À l'appui de sa thèse, Mme De Conto avait déposé un message anonyme au journal local où il était écrit : "des agresseurs sont venus chercher quelque chose..."  Rien n'avait de plus été volé dans la modeste maison, et le désordre qui y régnait après les faits ressemblait plus à un "simulacre" de fouille, selon l'acte d'accusation.

Les enquêteurs se sont aussi étonnés que toutes les portes de la maison étaient fermées lors de l'arrivée des secours : pourquoi des cambrioleurs en fuite auraient pris la précaution de les refermer ? Et le sac en plastique ? Pourquoi ce choix de l'arme par des cambrioleurs qui auraient facilement pu faire taire le garçon avec leurs propres mains ?  

Des confidences de Luca à sa sœur

La fille aînée de Mme De Conto, demi-sœur de Luca âgée de 26 ans, accablait sa mère en se souvenant des confidences du petit garçon qui, en 2017, lui avait dit que sa mère "avait voulu l'étouffer". "Maman veut que je meure", avait confessé Luca, a déclaré sa demi-sœur dans son audition lue lors du procès.  

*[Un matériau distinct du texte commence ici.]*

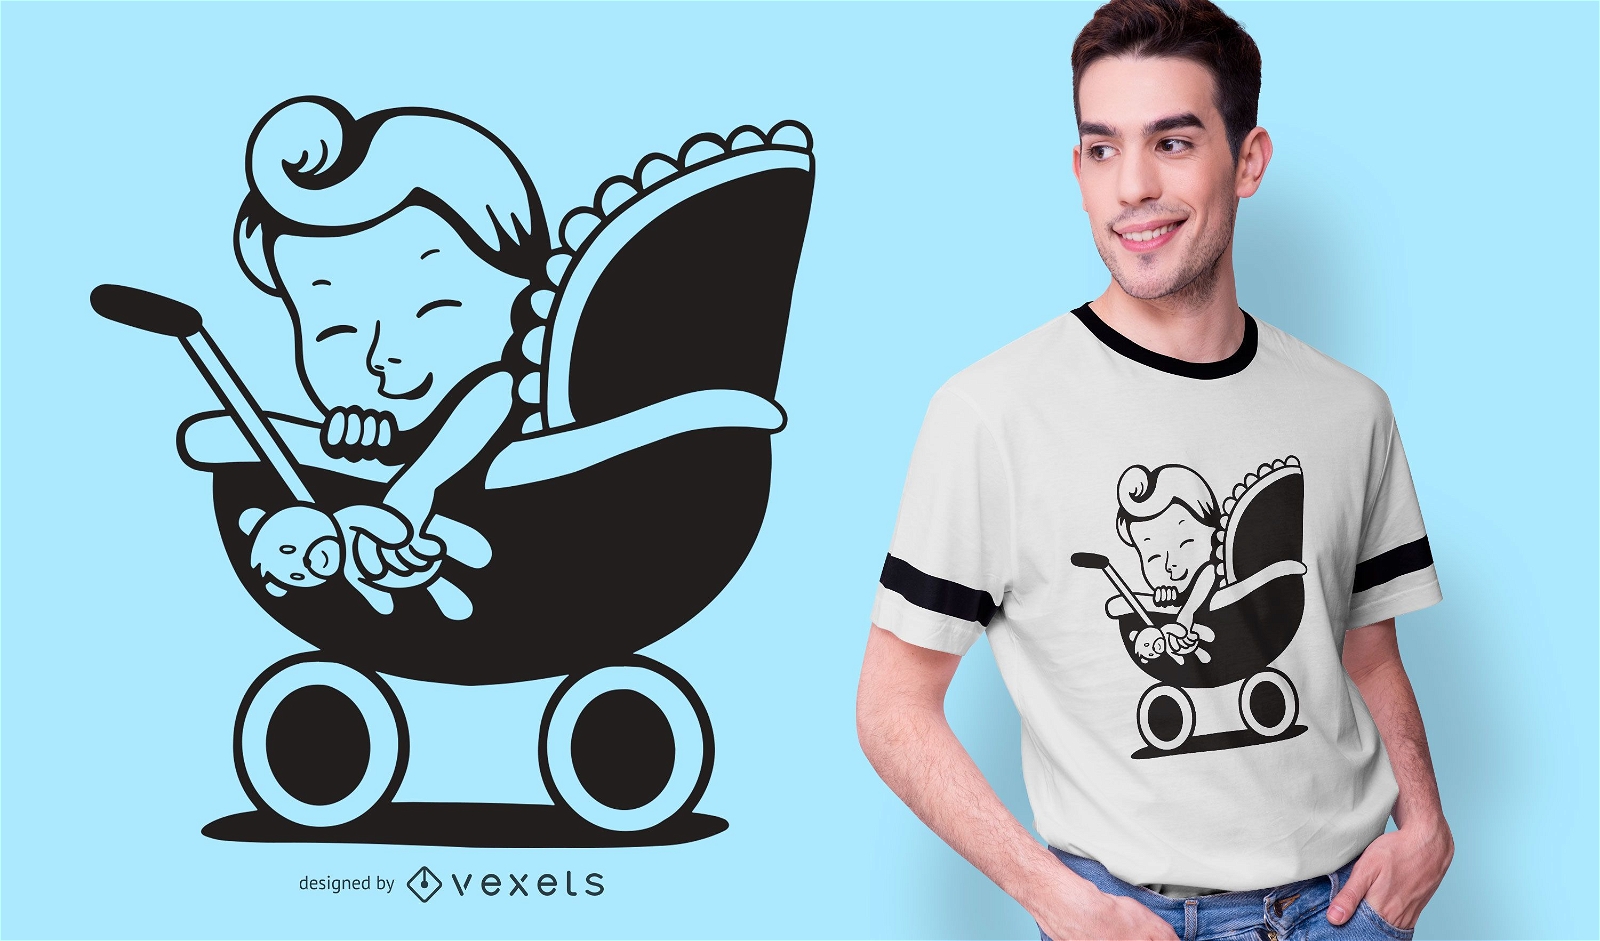 Design bacana de camisetas para beb?s

Juste après la lecture de l'acte d'accusation, la présidente Caroline Podevin interpelle l'accusée, mais celle-ci s'effondre immédiatement dans des aveux désordonnés. La suite du procès devra donc déterminer les circonstances et surtout le mobile de l'acte : la mère, dépressive, consommait de nombreux médicaments, mais les experts psychiatriques n'ont révélé chez elle aucun antécédent susceptible d'expliquer le meurtre. Le verdict est attendu vendredi.